石材の上には、『雑草』が風に飛ばないようザルに覆われて、さらに鞄で押さえられていた。
「じゃあ全部マージしていきますね」
「お願いしまっす!」
「マージ開始」
ざっと300枚近くはありそうなそれを、俺は数えながらどんどんマージしてゆく。
「実は気になってたんだが……。良平は今日ずっとその能力使いまくってるけど、MP切れみたいなことにはならないのか?」
「あ、確かに、そういうのあるかも!? えっ、そうだよね!? そんな無限に出来たらチート過ぎるし……? でも『大いなる神の祝福』でもらった祝福スキルなら元からチート仕様なのかな?」
俺は数えながらマージしていた『雑草』を全部『米の苗』に変えてから、スマホをチラと見る。
136回マージした結果、マージ補助アプリの左上の数字は687になっていた。
この数字は、どうやらマージする度に1ずつ減っているようだ。
これが0になったら、エネルギー不足でマージできなくなるんだろう。
「そうですね、これまでで3割くらいの力を使ったので、あと7割くらいはマージできると思いますよ」
「そんなの分かるの!?」
驚く桐谷さんに俺はスマホを見せる。
「『雑草』272枚も集めてたんですね、桐谷さんすごいです。

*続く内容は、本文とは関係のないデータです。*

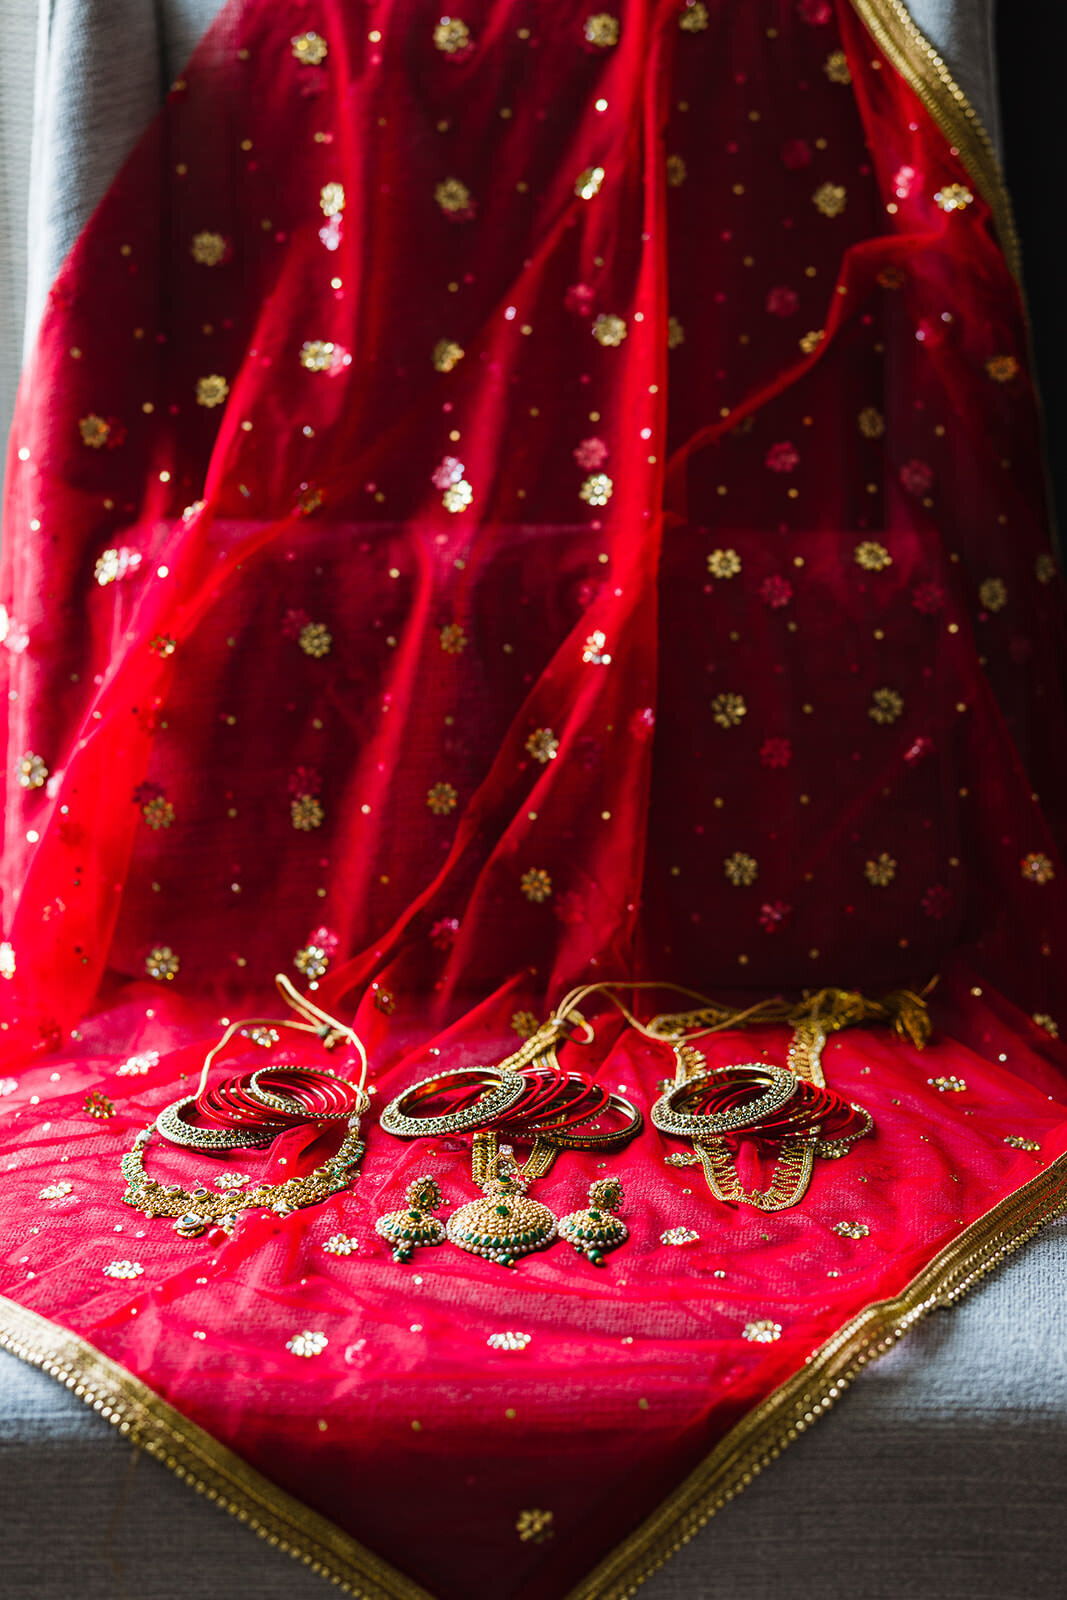 A vibrant red traditional Indian dupatta with golden embroidery and matching jewelry laid out on a fabric surface.

これなら6段階目を2つと7段階目、8段階目を1つずつ、残りが16あるのでスイカ2個かトウモロコシ1つができますね」
「一瞬で暗算したの!?」
「良平の特技らしいぜ」
「暗算が!?」
桐谷さんに目をまんまるにして驚かれてしまったので、俺は早々に種明かしをする。
「いえ、俺は元々マージゲームが好きだったので、必要数を暗記してるだけです」
「ほぇー……」
気の抜けたような声をもらす桐谷さんに、俺は尋ねる。
「スイカまでは全部作っていいですか?」
「あっ、うんっ。お願いしまっす!」
キリッとした顔で返事をされて、俺はほころぶ口元のまま『米の苗』を『トマトの苗』にマージしてゆく。
「ほんとだ……1ずつ減ってるね」
「どれどれ……? おお、本当にな」
この補助アプリは俺の手を離れると画面が黒くなってしまうみたいなので、俺は片手でスマホを握って二人に見せたまま、片手でマージを続けた。
やがて『トマトの苗』が68個ずらりと並んだ。
『トマトの苗』は片手では持ちにくいので、俺はスマホをポケットに戻して『スイカ』を34個作る。
それから『スイカ』を2つ残して『トウモロコシの山』を16個作った。
「いよいよトウモロコシの次だなっ!?」
「お腹に溜まるものっ来ーいっっ! あーっ、でも甘味も欲しいーっ!」
「スイカが十分甘いだろうが」
そんな二人の声に和みながら、俺は『トウモロコシの山』を重ねた。